I could never be a nurse or a doctor or a paramedic. Thank GOD for those people, because they were born with a strength that I lack. The sight of blood, gore, bone, vomit, and any number of other bodily excretions, well, they make me lightheaded, wobbly-kneed. Don't get me started on the thought of parasites. Worms, they will be the death of me. Same with black flies (grown-up maggots!). In short, I'm a wimp.
I'm not wimpish when it comes to my literature, though. I love ruthless books, books that go places, sometimes deep and dark, sometimes extreme. They aren't frigid, these books. They don't employ restraint or propriety. They often disturb, chill, shock. They make my heart seize up a little, and I breathe, "YES" on the shaky exhale.
But this book.
It made me feel physically ill. It reminded me of the wimp I am when I'm in a hospital. Of how when I see blood, the edges become black as my consciousness threatens to slip away. The violence in this book forced me regularly to turn from the pages for a reprieve. But then I returned....
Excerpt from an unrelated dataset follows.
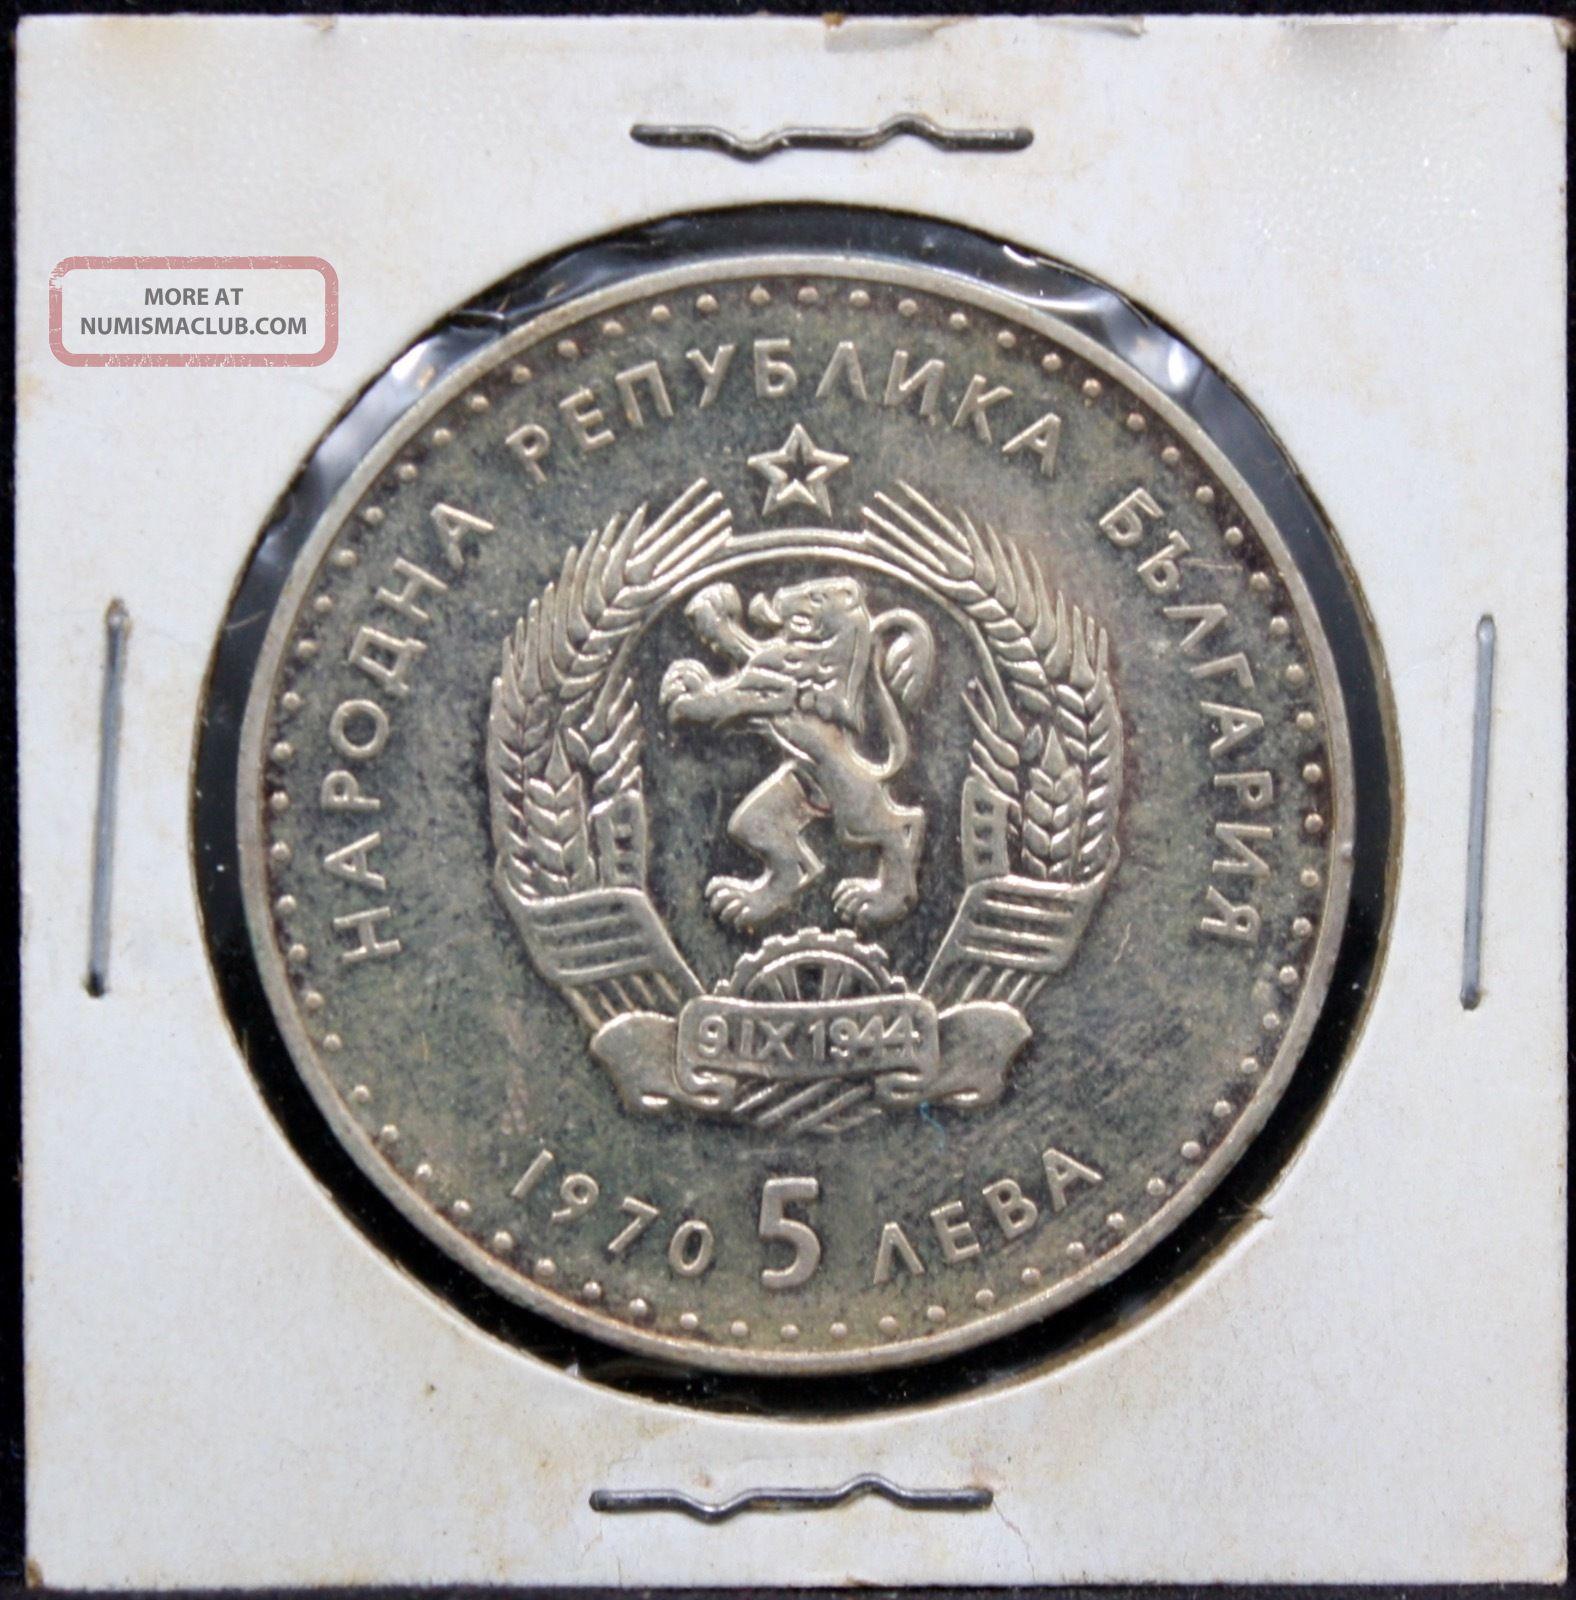 Bulgaria 1970 Coin 5 Leva Km 78 Europe photo

I have to laugh at myself. What did I expect, anyway? The book's back cover explains that the main character has a visceral desire to stab his sleeping infant with an ice pick! Thankfully, he doesn't do it, but his way of avoiding it puts him in a completely different situation. A situation with an S&M prostitute who is every bit as psychologically scarred as he is, and who desires to receive and inflict pain as much as he does. It is terrifying to see the extreme effects of their childhood trauma. It scared the shit out of me.
Theirs is a psychotic understanding hopefully far too extreme for most readers to easily comprehend, but it does show how our damage can't help but leak out in harmful ways. Perhaps our ways don't result in a trip to the E.R., but they can wreak havoc all the same.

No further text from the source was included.